Meaning: You’re talking to Docker Desktop’s backend.

Decision: If it can’t connect, fix Desktop (restart, reset, resolve WSL integration). Don’t debug Linux systemd inside WSL unless you run your own engine.

Joke #2: If Docker Desktop says it’s “Starting…” for 20 minutes, it’s not starting—it’s contemplating your life choices.

Rootless Docker, CI runners, and “it works on my laptop”

Rootless Docker changes the location of the socket and the ownership model. That’s the point. It also breaks assumptions baked into scripts,
CI jobs, and that one README nobody has updated since the last reorg.

Recognize rootless sockets

Rootless Docker usually listens on a user-owned socket under something like /run/user/1001/docker.sock.
Your CLI might still be pointing to /var/run/docker.sock, which will fail (or connect to a different daemon).

cr0x@server:~$ ls -l /run/user/$(id -u)/docker.sock
srw-rw---- 1 cr0x cr0x 0 Jan  2 10:21 /run/user/1001/docker.sock

Meaning: Rootless socket exists for your user.

Decision: Point your client to it (via context or DOCKER_HOST=unix:///run/user/1001/docker.sock) and stop trying to “fix” /var/run.

CI runners: ephemeral, restricted, and sometimes intentionally daemonless

In CI, “Cannot connect to the Docker daemon” can be correct behavior: you’re on a runner that doesn’t provide Docker-in-Docker, or the service container
wasn’t started. The right fix is to align the pipeline architecture, not to add privileged mode everywhere.

cr0x@server:~$ ls -l /var/run/docker.sock
ls: cannot access '/var/run/docker.sock': No such file or directory

Meaning: There is no local daemon socket. In CI, this often means the job is not supposed to use Docker directly.

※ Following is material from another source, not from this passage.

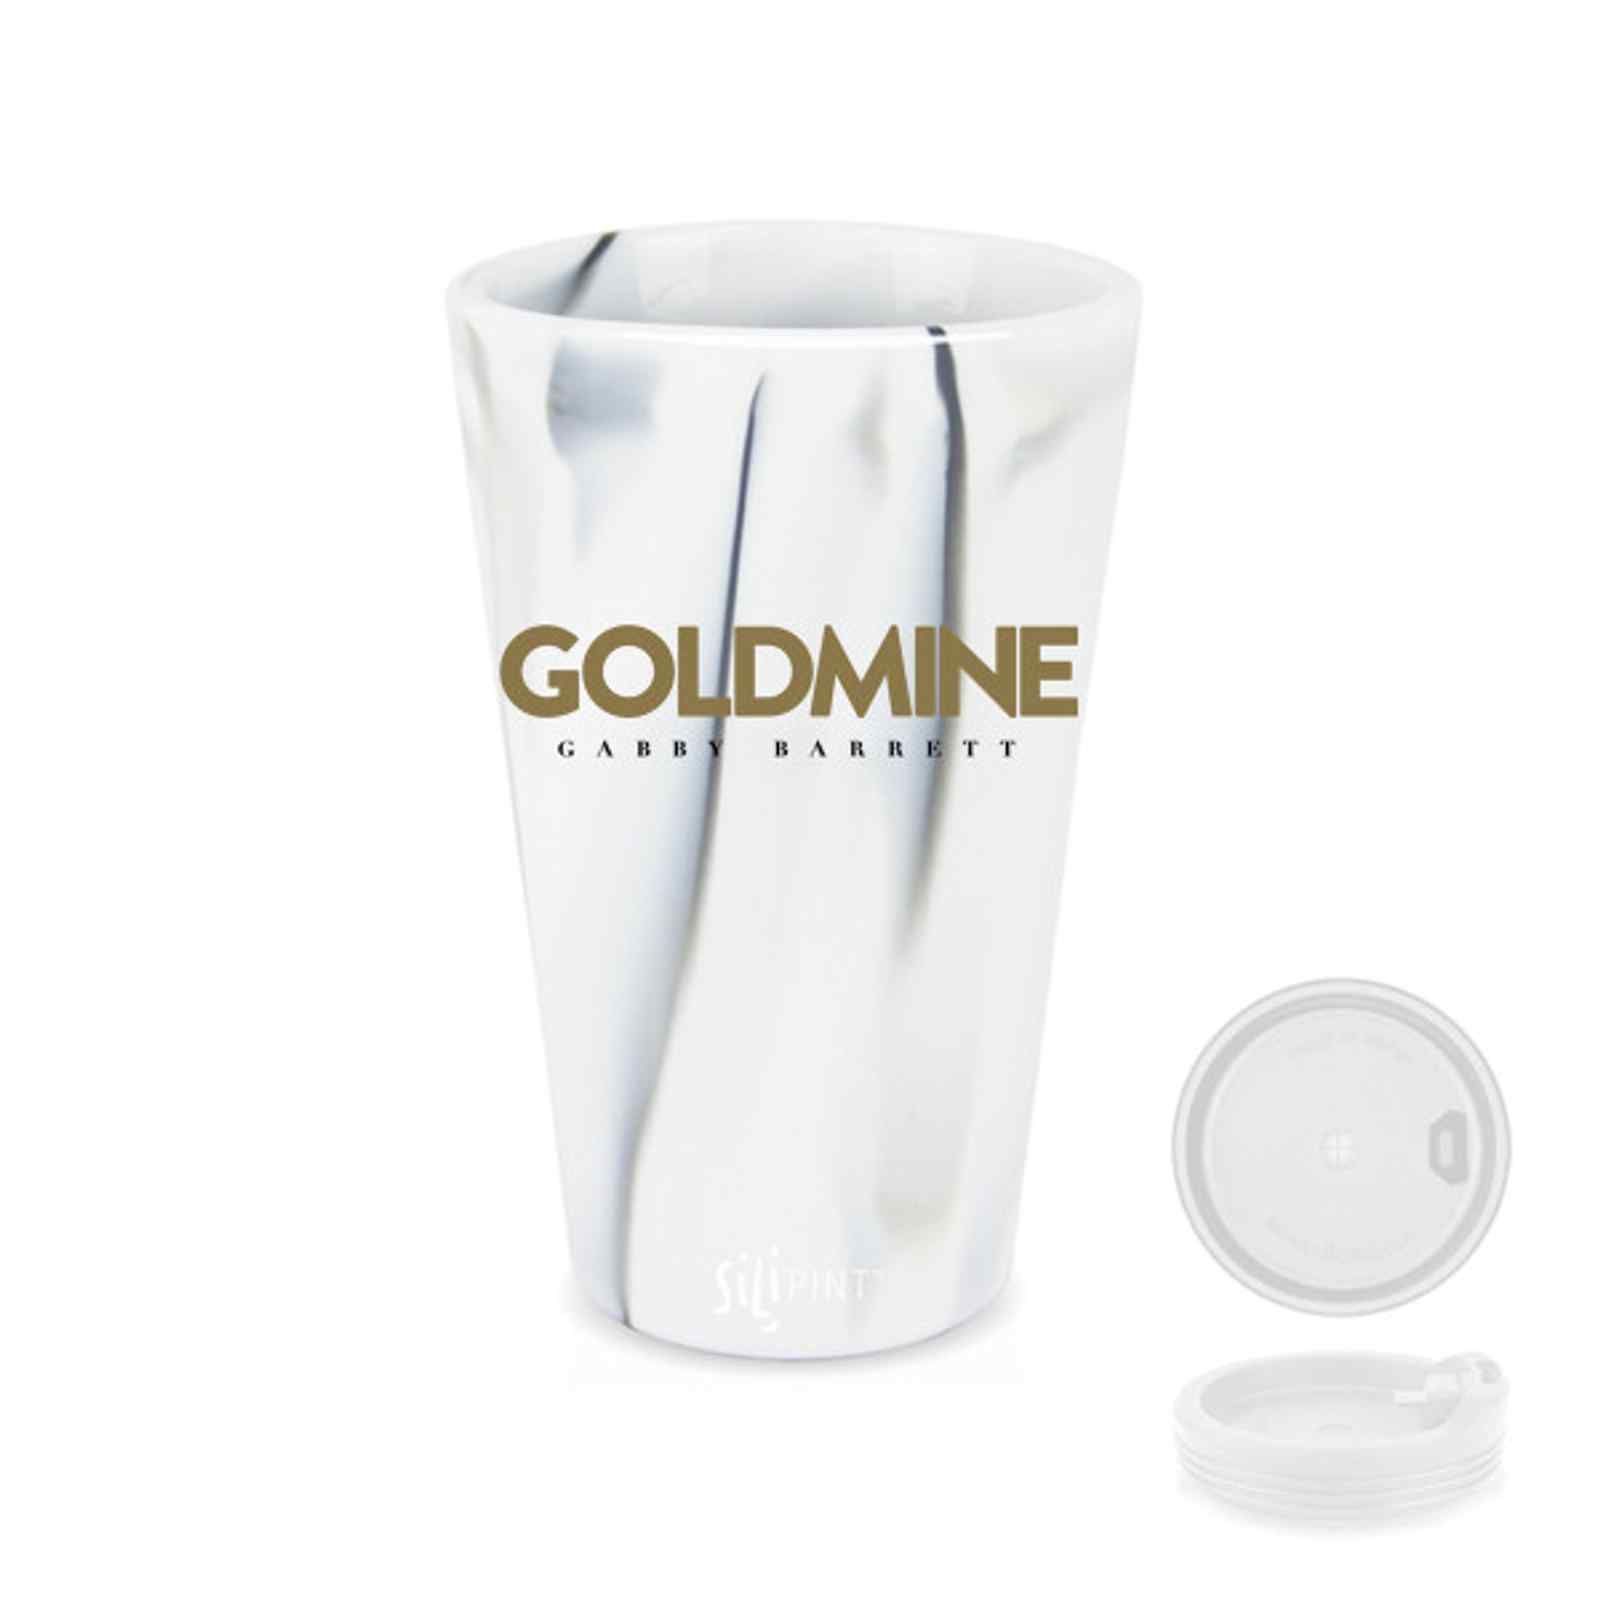 Goldmine Silicone Cup
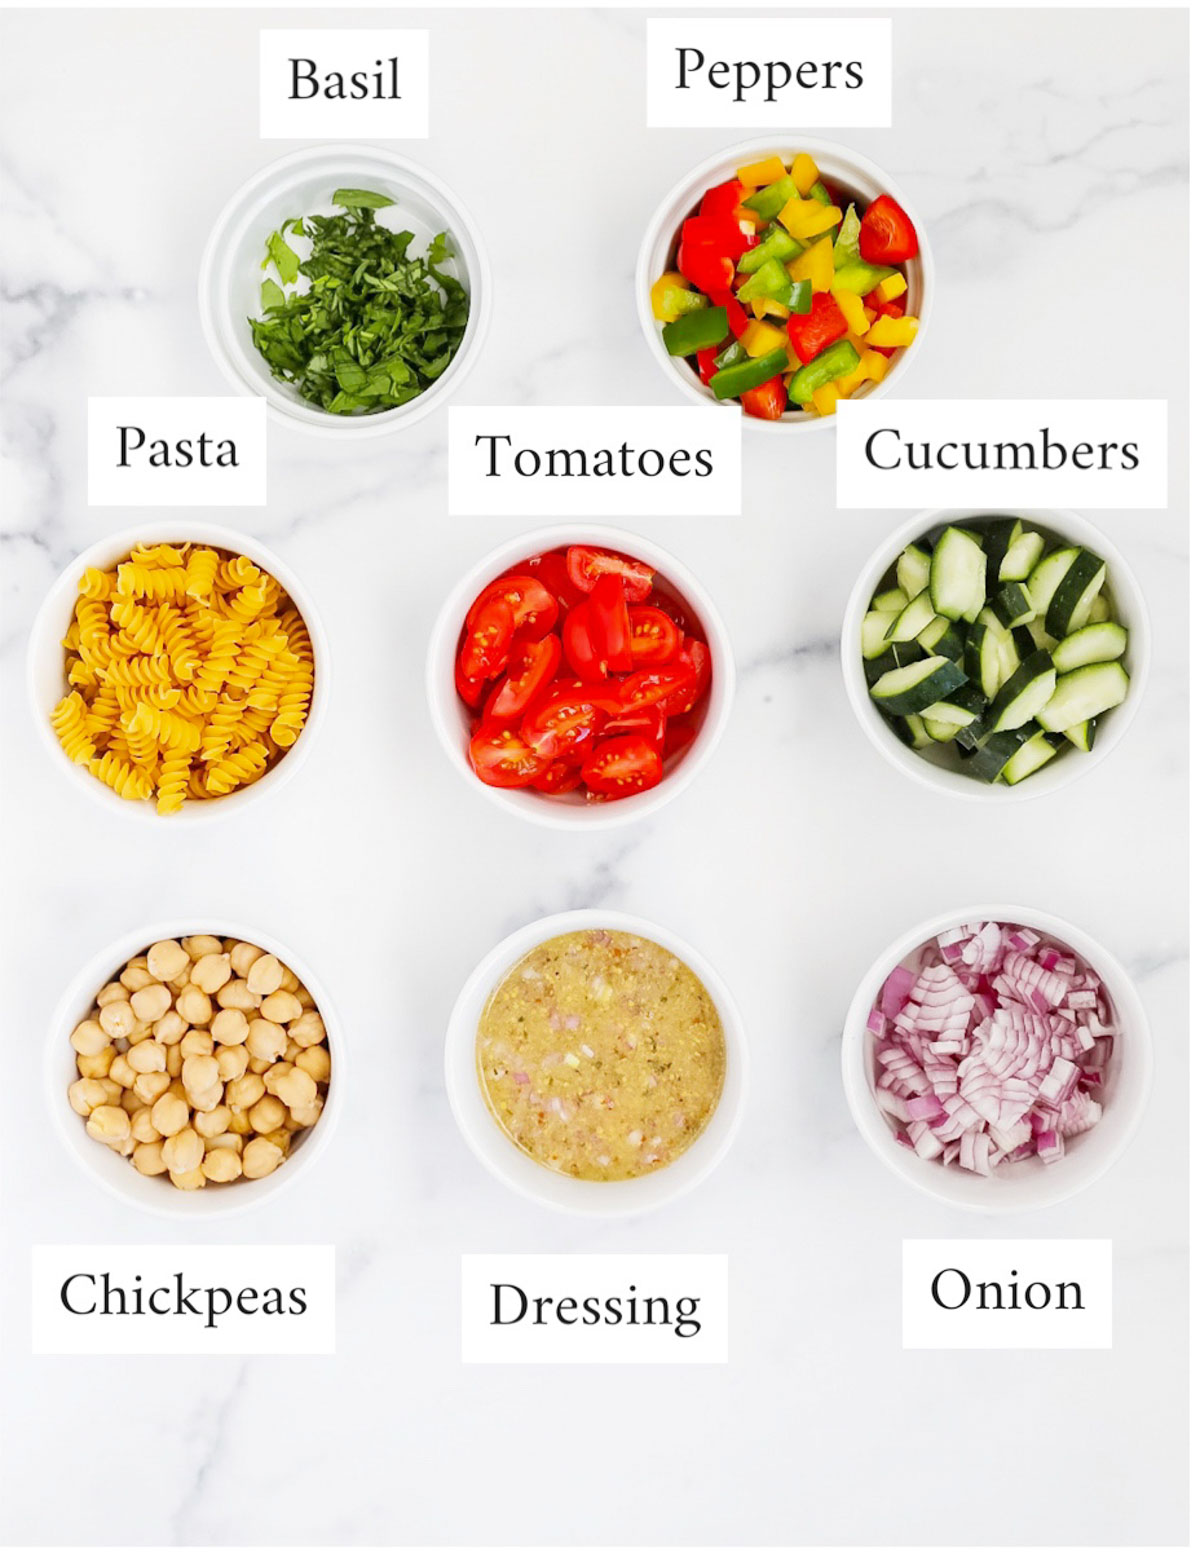 Labeled ingredients in small white bowls including: basil, peppers, pasta, tomatoes, cucumbers, chickpeas, dressing, onion.

Decision: Either mount the socket (if your security model allows it), use a remote builder, or use a rootless build toolchain. Don’t “install docker” blindly.

Docker-in-Docker (DinD): understand the trade

DinD typically runs a separate daemon inside a container. If you forget to start it, or if it lacks required privileges/storage, you’ll get the same error.
It’s a valid pattern for some CI workloads. It’s also a performance and security trade.

cr0x@server:~$ docker run --rm docker:26.1-dind dockerd --version
Docker version 26.1.3, build 9e34c2a

Meaning: The dind image contains dockerd, but that doesn’t mean your CI environment will allow it to run.

Decision: If you need DinD, ensure the runner supports privileged containers and provides enough disk I/O. Otherwise use a remote daemon or BuildKit-based approach.

Storage and disk: when the daemon can’t breathe

Storage failures are the sneaky cousin of the “Cannot connect” error. The CLI can’t connect because the daemon never made it to the point where it can accept connections.
Or it accepts connections but is unusably slow because it’s thrashing disk.

Disk full is not just disk full

Docker cares about:

  • Bytes (df -h)
  • Inodes (df -i)
  • Filesystem features (OverlayFS expectations)
  • Write amplification (overlay layers plus heavy logging equals sadness)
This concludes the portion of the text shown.